In the world of pharmaceuticals, the story of flibanserin, commonly known as “female Viagra” or Addyi, is a fascinating yet controversial one. It serves as a microcosm of the intricate interplay between scientific research, societal values, and corporate interests.
Flibanserin’s origins can be traced back to the 1990s when Boehringer Ingelheim, a German pharmaceutical giant, developed it as an antidepressant. However, clinical trials showed disappointing results in treating depression, and the drug seemed destined for the scrapheap. But then, an unexpected discovery was made. Female patients reported an increase in their sexual desire while taking the medication. With the growing recognition of Hypoactive Sexual Desire Disorder (HSDD) among women and the limited effectiveness of traditional treatments, Boehringer Ingelheim saw a new opportunity and shifted its focus.
The drug’s mechanism of action is unique, with its “dual receptor modulation” property, acting on 5-HT1A and 5-HT2A receptors, and promoting the release of dopamine and norepinephrine, which are associated with sexual arousal and attention. But the road to market approval was anything but smooth.

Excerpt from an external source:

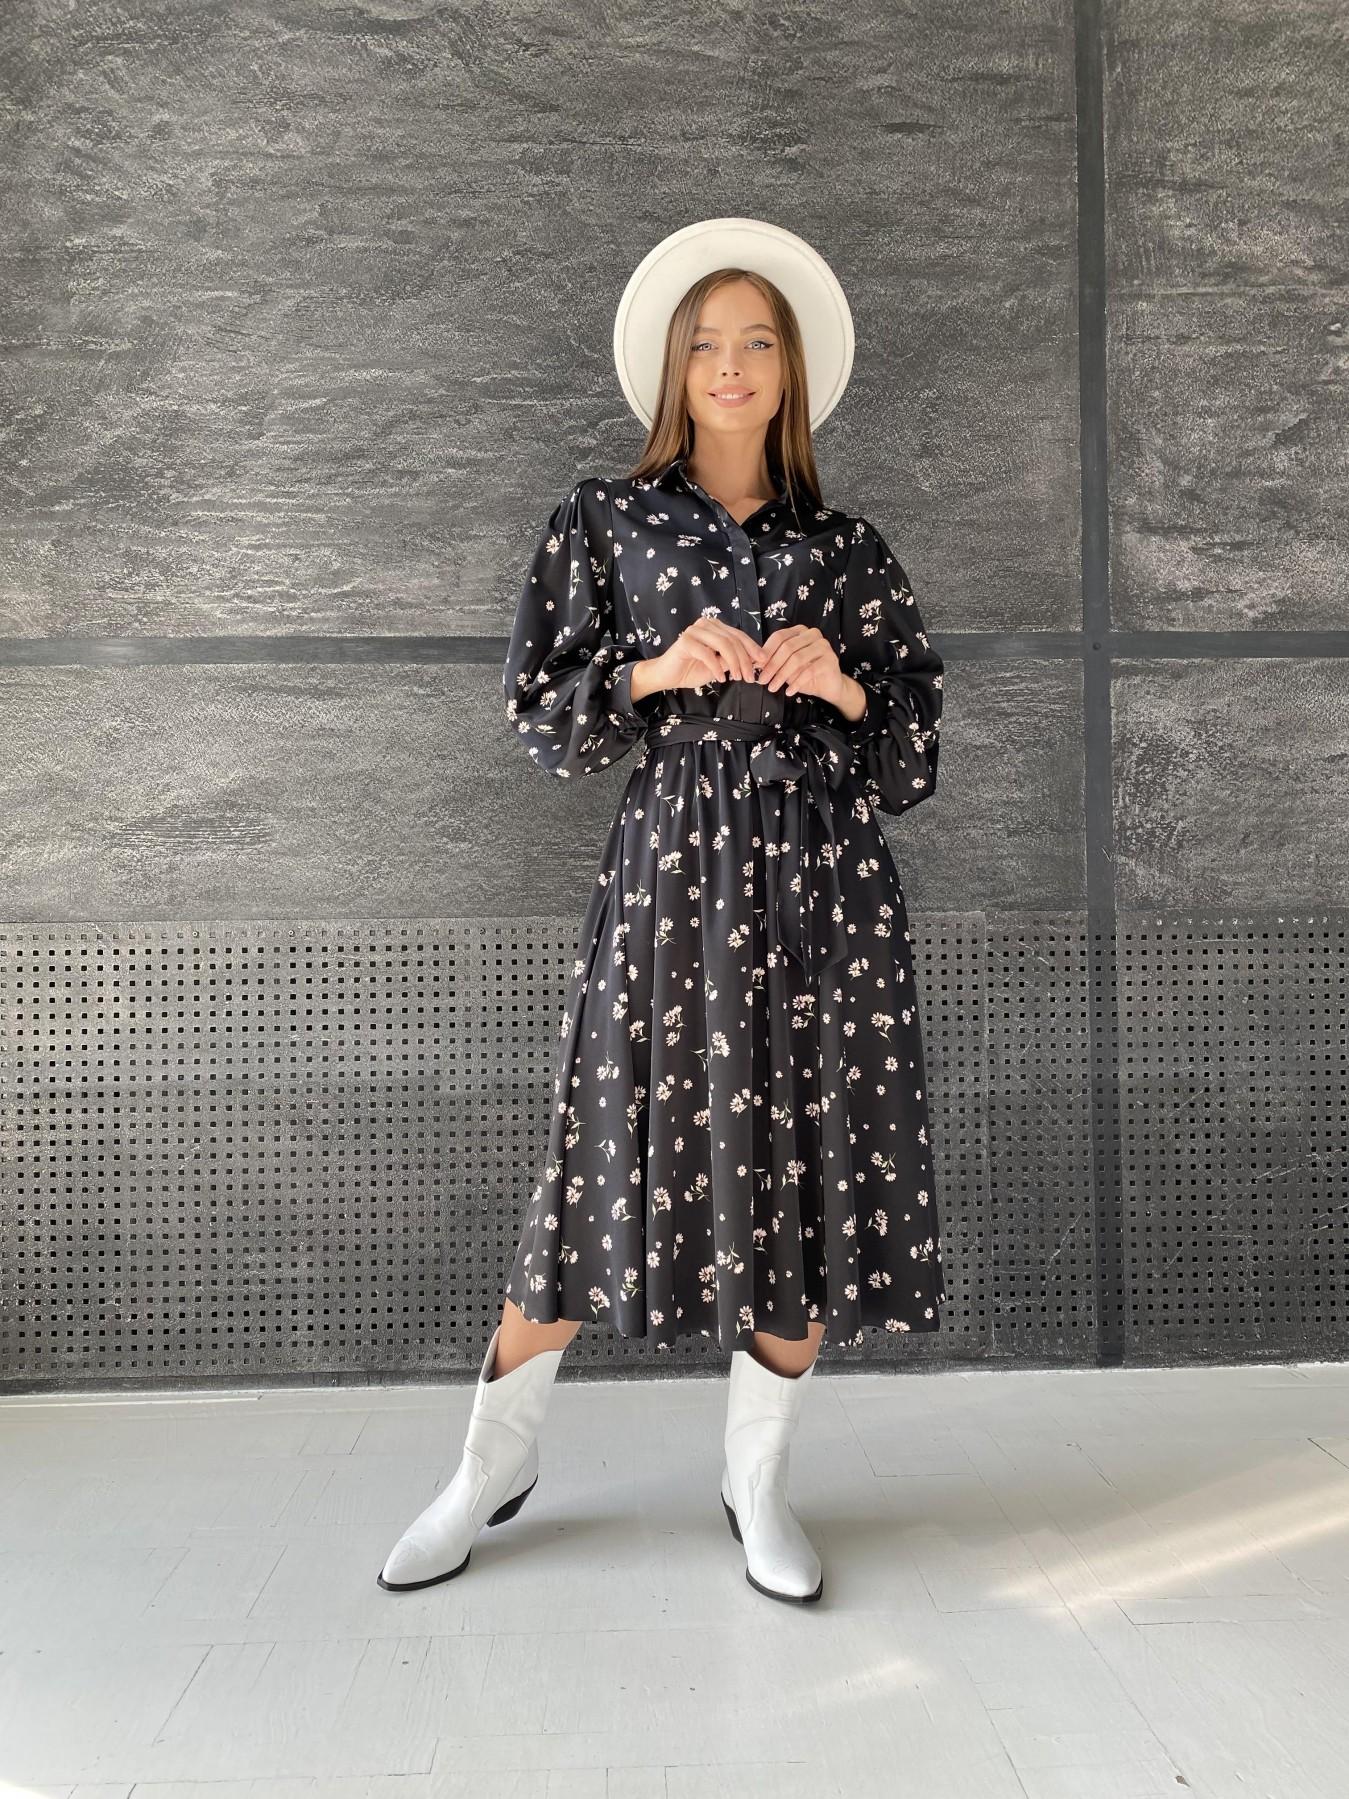 Жасмин д/р шелк принт платье 11716 АРТ. 48417 Цвет: Черный/пудра/хризантема - фото 4, интернет магазин tm-modus.ru

In 2009, Boehringer Ingelheim submitted flibanserin to the FDA for approval. The FDA, however, rejected the application. The self-report data showed that while the drug increased the average number of sexually satisfying events per month from 2.8 to 4.5, the placebo also had a significant effect, increasing it from 2.7 to 3.7. After accounting for the placebo effect, the drug’s efficacy was only a meager 0.7 additional events per month. Moreover, data from electrode recorders, which the FDA favored, showed no significant difference between flibanserin and the placebo.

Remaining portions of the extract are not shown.